• Exercise
Please repeat exactly the lines below from the one containing "Fuel Wheels Octane" down to the one containing "2013 03 04_140202_a1", both included, and nothing else.

• Data for review
▼
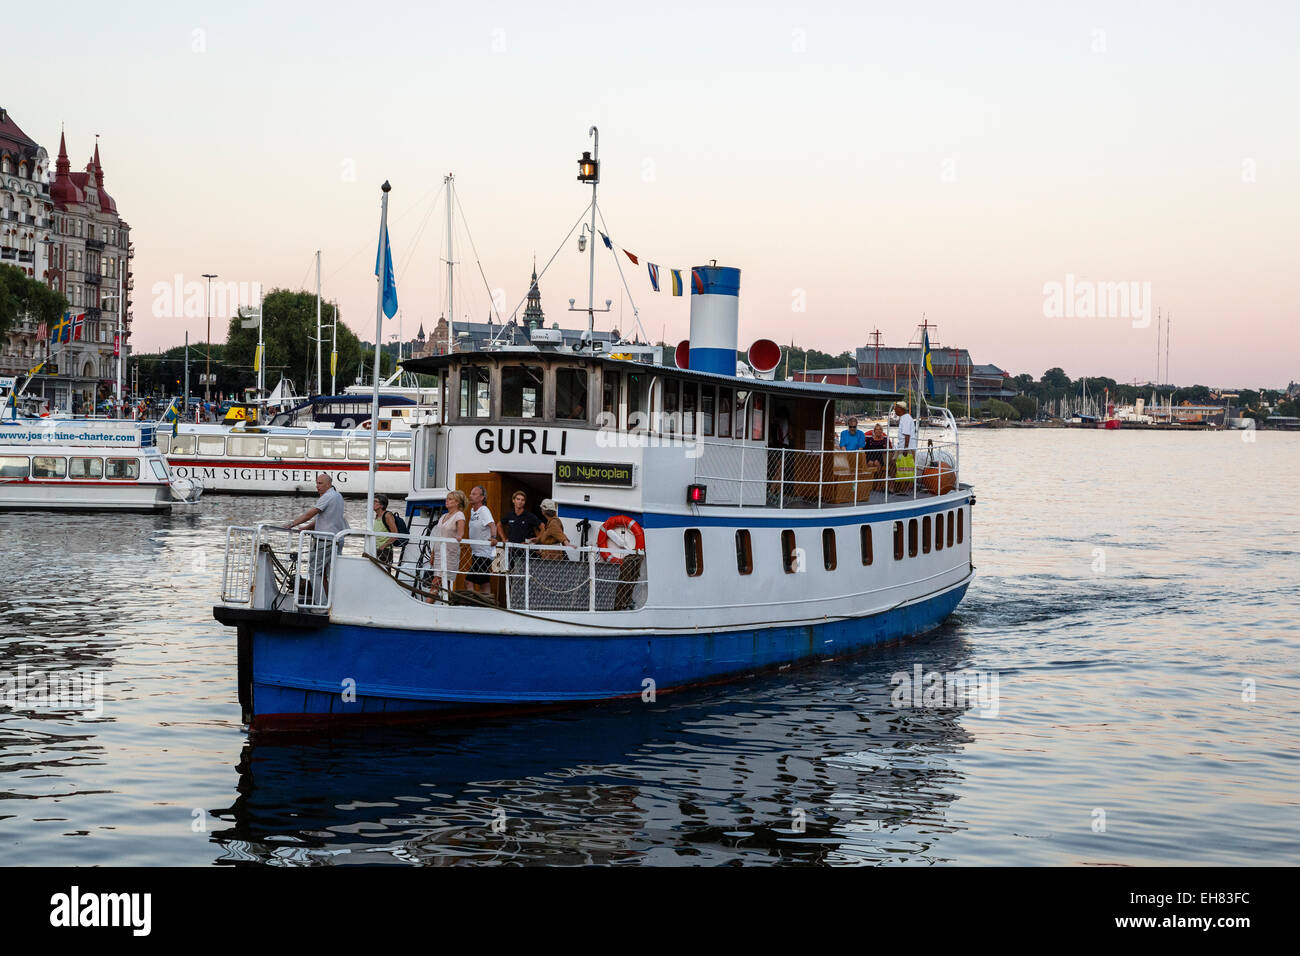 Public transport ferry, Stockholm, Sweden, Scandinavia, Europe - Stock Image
▲
▼
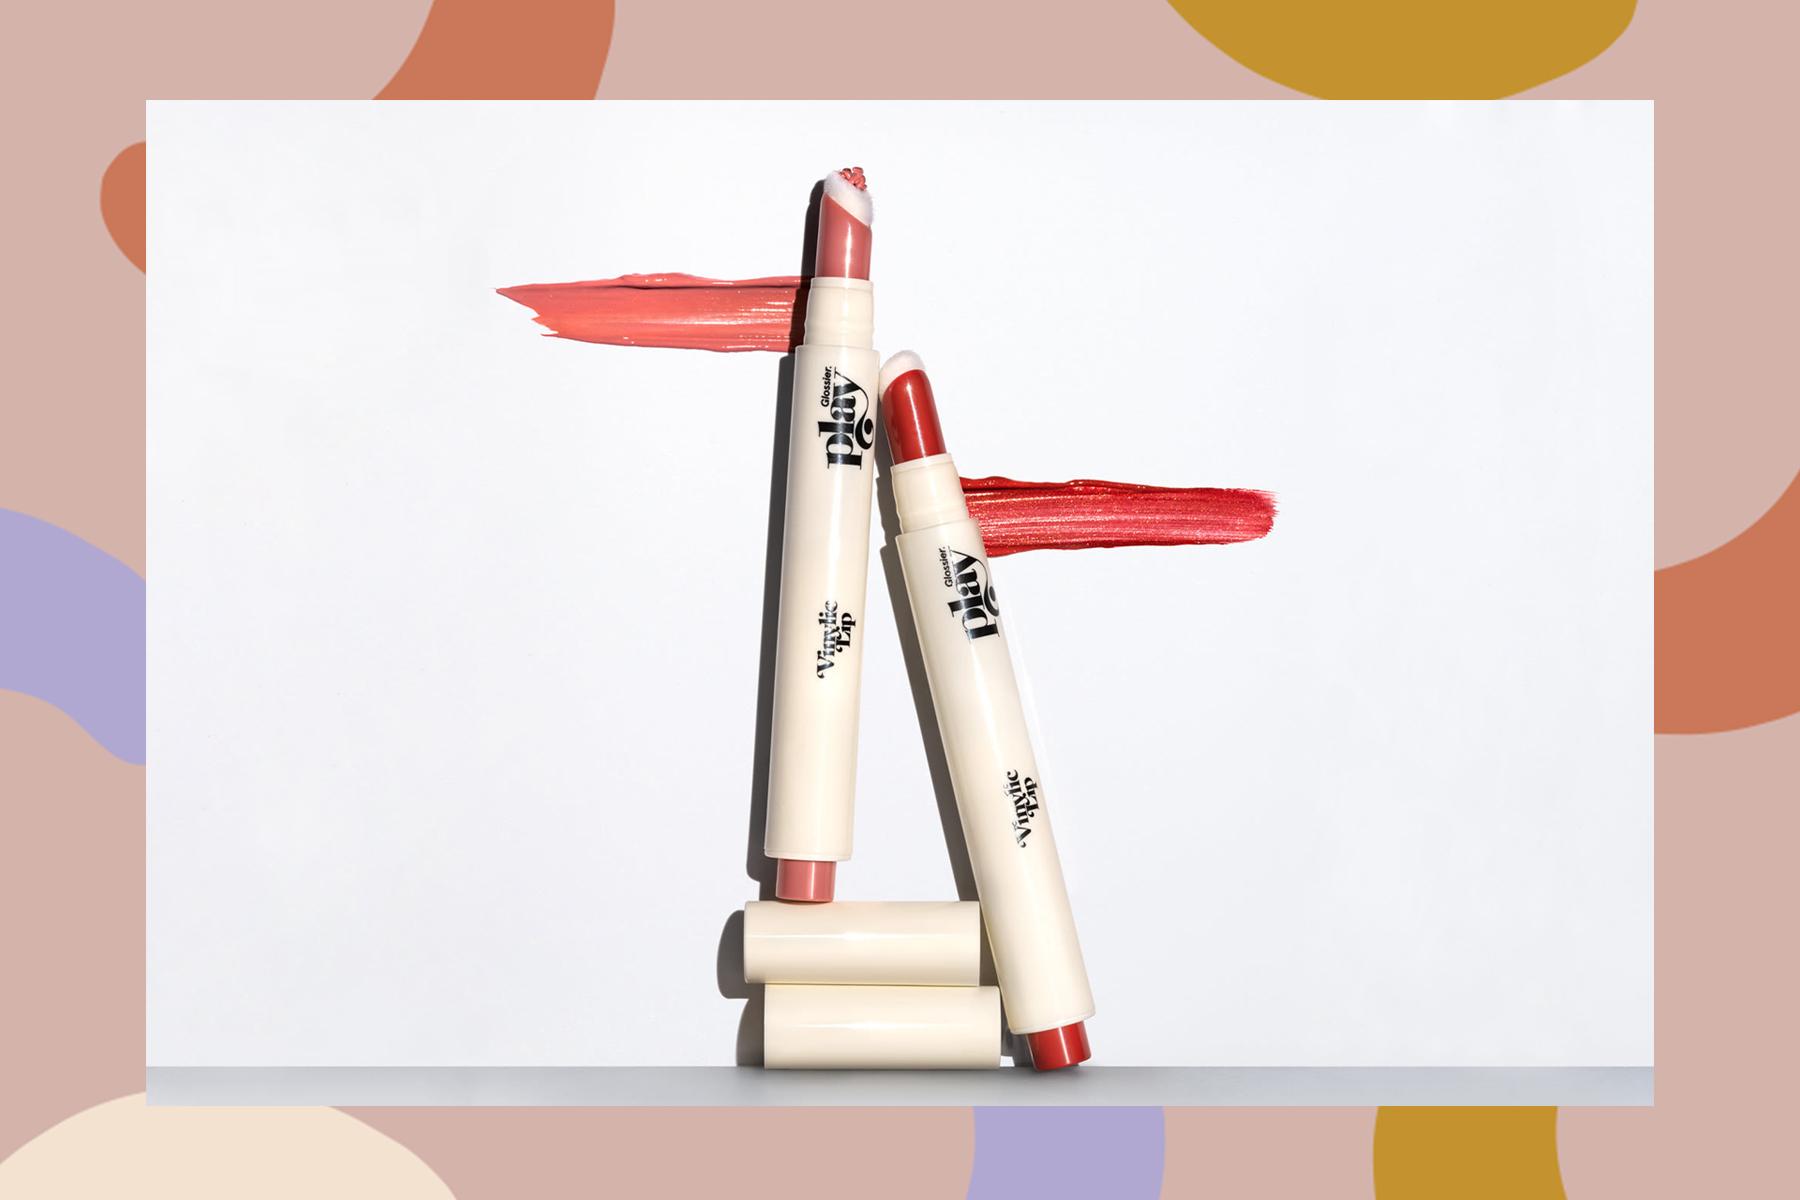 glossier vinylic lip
▲
▼
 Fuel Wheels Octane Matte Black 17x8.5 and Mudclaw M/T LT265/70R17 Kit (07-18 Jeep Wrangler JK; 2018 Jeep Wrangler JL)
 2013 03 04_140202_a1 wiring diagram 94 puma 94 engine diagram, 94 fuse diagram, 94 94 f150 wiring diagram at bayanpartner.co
▲
• Result for this task
 Fuel Wheels Octane Matte Black 17x8.5 and Mudclaw M/T LT265/70R17 Kit (07-18 Jeep Wrangler JK; 2018 Jeep Wrangler JL)
 2013 03 04_140202_a1 wiring diagram 94 puma 94 engine diagram, 94 fuse diagram, 94 94 f150 wiring diagram at bayanpartner.co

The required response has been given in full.